God did not turn from the friends, without a message of comfort: "My servant Job will pray for you, and I will accept his prayer and not deal with you according to your folly." It is a great thing to have for a friend - one who has God's ear. We think ourselves happy, when we need a great favor, if we have a friend in high places who can speak for us with his influence. Still greater privilege is it when we have an intercessor who can present our names to heaven's King, and whose voice has power with God. There are human friends who can, and do serve us in this way. They lie near to the heart of Christ and can speak to God - sure of being heard. "The supplication of a righteous man avails much."
Job did as God suggested. He prayed for his friends, and his prayer for others brought blessing to himself. "Jehovah restored his prosperity when he prayed for his friends." This is an important statement. There seems to have been a barrier in the way of the blessing of Job, which was not removed until he began to pray for his friends. Probably he had a feeling of unkindness in his heart toward them, because of what they had said to him about his trials and the reasons for them. We are not surprised that Job felt in this way toward his friends, for they were not wise and gentle comforters, and they doubtless gave him more pain than they soothed. A good many people who try to be comforters, only lay thorns under aching heads - instead of a soft pillow.

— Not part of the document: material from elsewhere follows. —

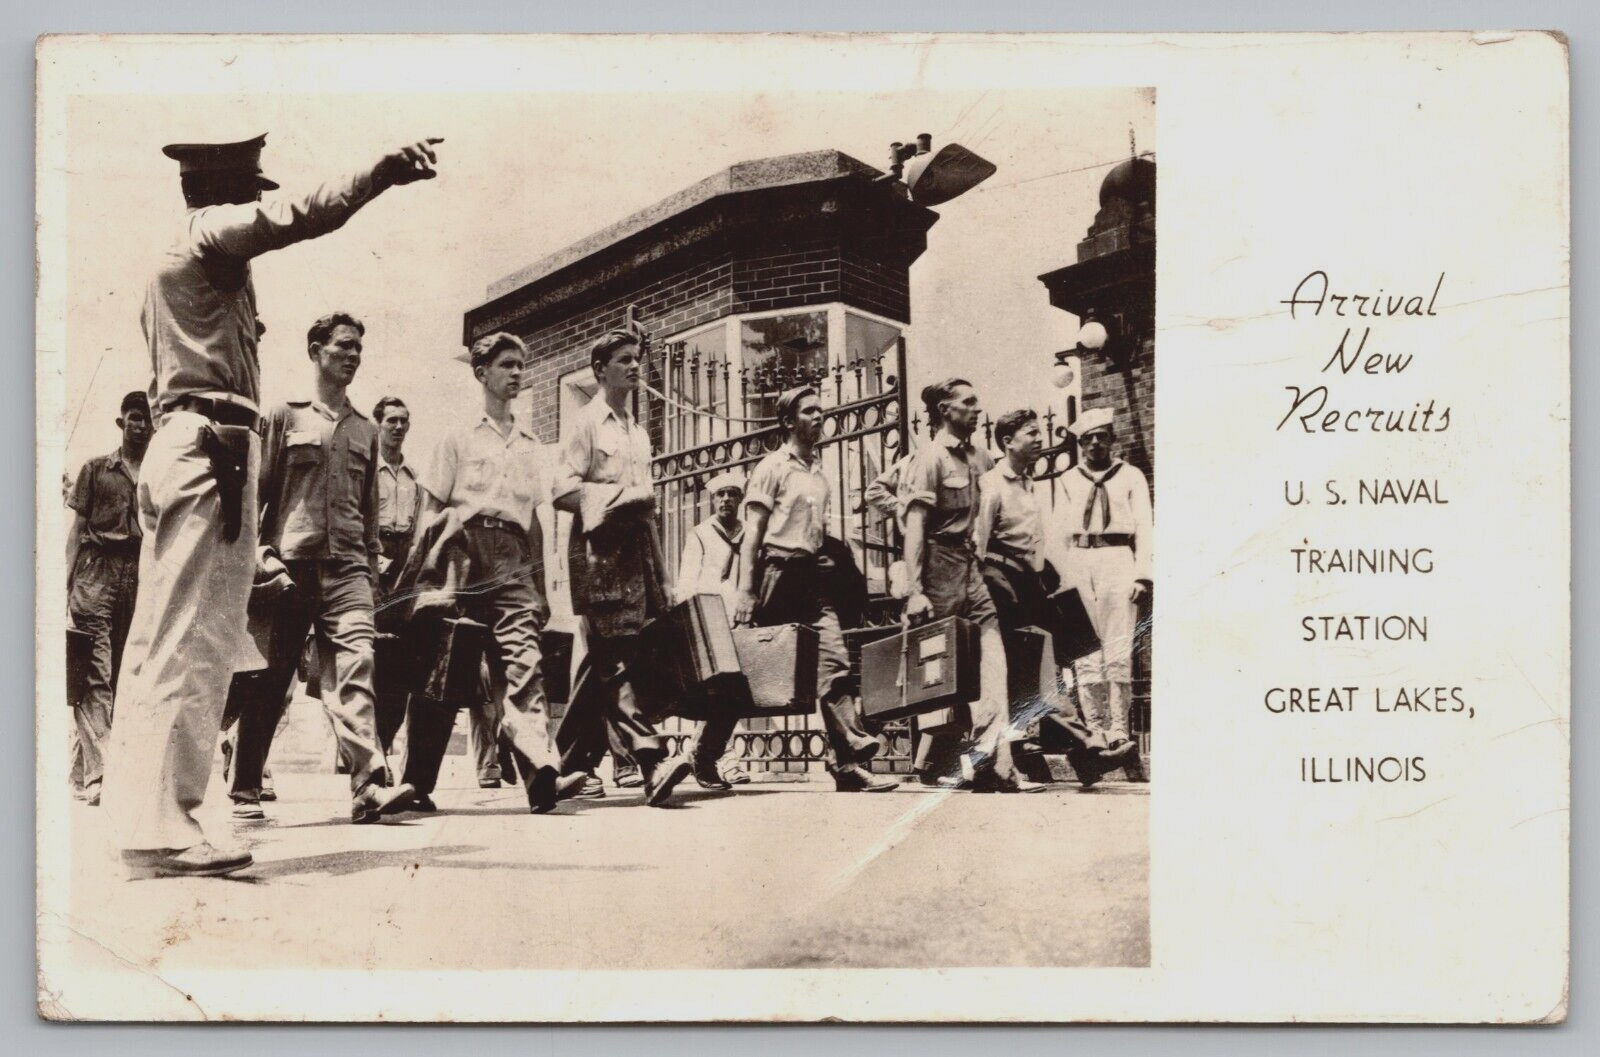 New Recruits Arrive US Naval Training Station Great Lakes IL Postcard RPPC c1943

No art needs a more delicate touch, than the art of being a comforter. The hands of most of us are too rough and clumsy to be laid on throbbing human hearts, in efforts to soothe their pain. No wonder Job felt that his friends were miserable comforters, and that he was not at first in a mood to pray for them. But until he could pray for them, blessing could not come to him. Unloving hearts cannot receive God's divine love.
The lesson is for us. Others may have injured us or grieved us in some way, and we may not be ready to forgive them. But while we feel so - we are shutting divine blessing away from ourselves. Job's praying at length for his friends, showed that his heart was now softened toward them, that its bitterness was gone, that he had forgiven their cruel words and taken them back into his heart. Then blessing came to him, as God restored his prosperity. Just so, when we can pray for one who has wronged us, or misjudged us, or said unkind things of us - we are in a condition to receive blessing from God.

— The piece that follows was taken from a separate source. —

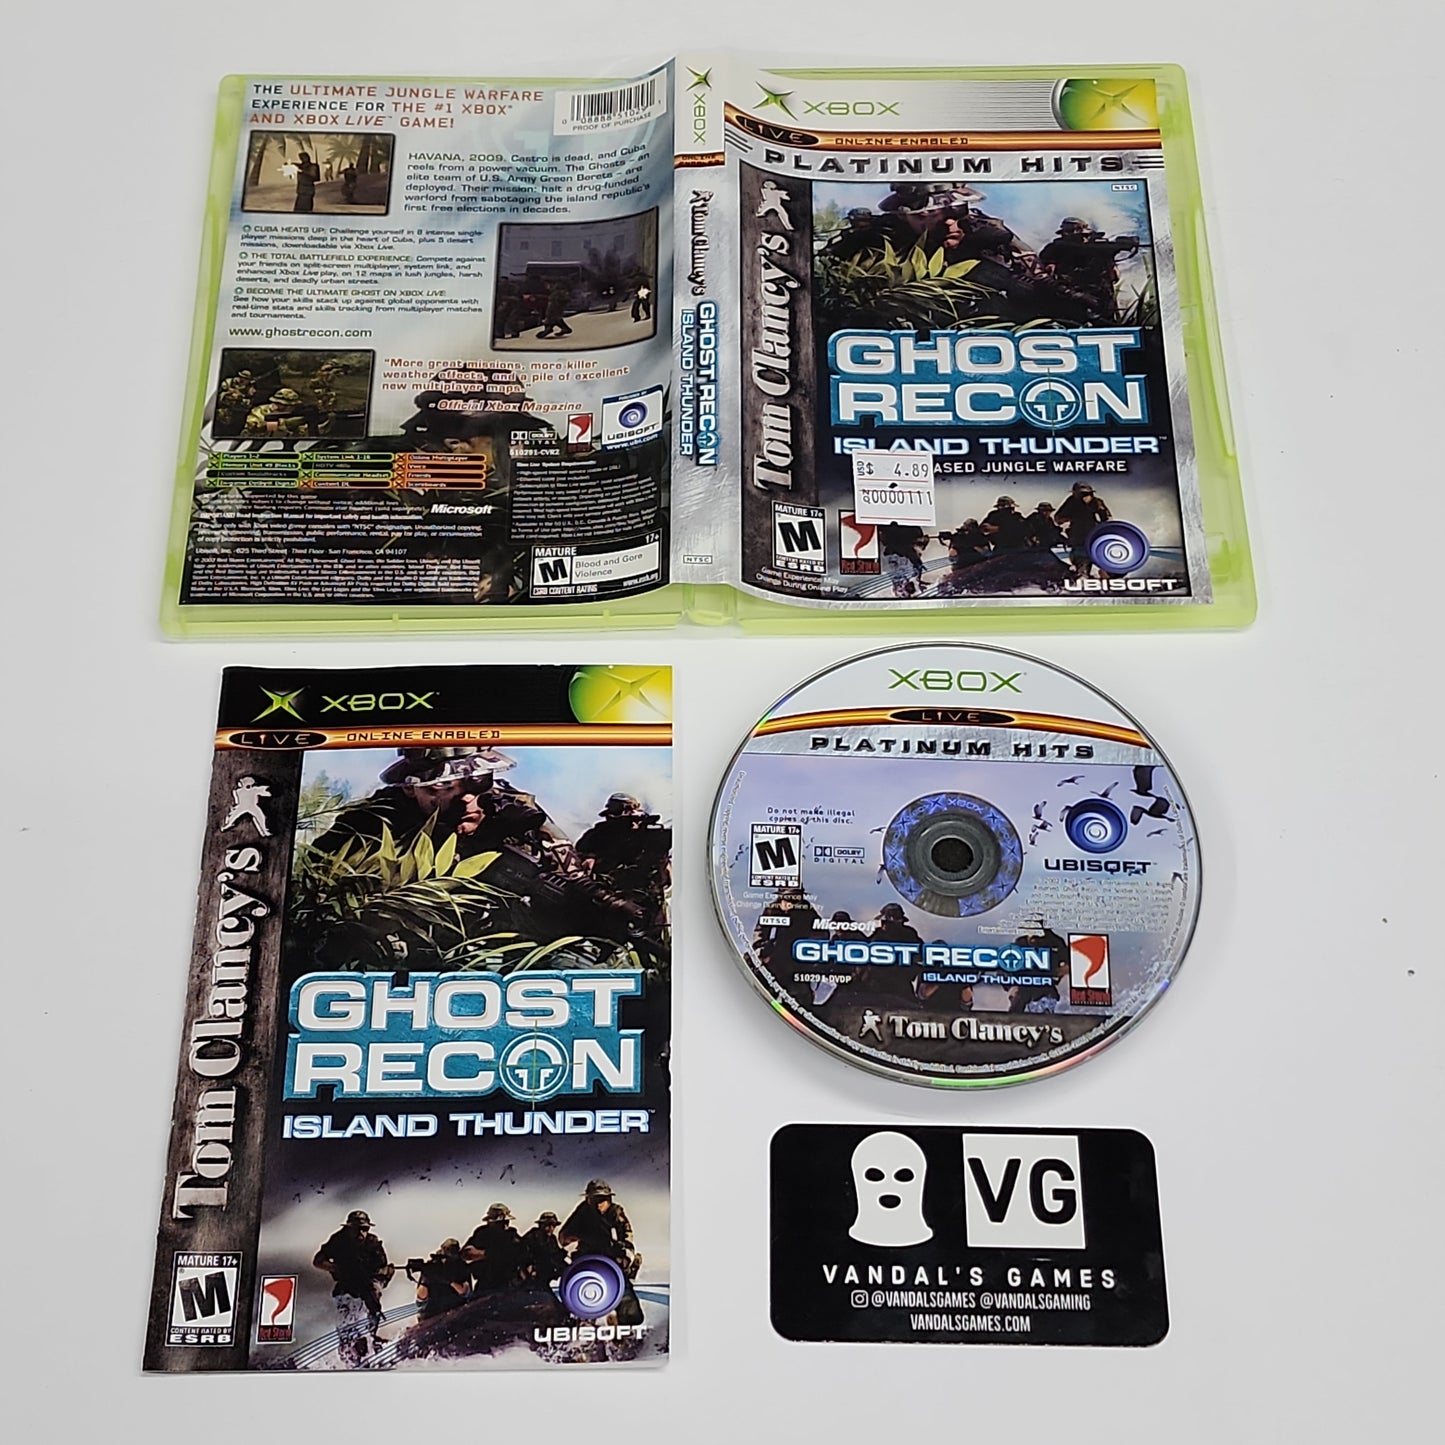 Xbox - Tom Clancy's Ghost Recon Island Thunder Platinum Hits Complete #111

Job was also ready now to come out of his sorrow, to try to help others. This, too, is a good thing. We do not find comfort by staying in the darkness of our own grief, by thinking only of it; we must forget ourselves, and begin to serve others and seek their good before we can find the light of God's comfort. Selfishness in sorrow is - selfishness, and selfishness in any form, misses God's blessing. We begin to find joy - only when in self-forgetfulness, we begin to help others.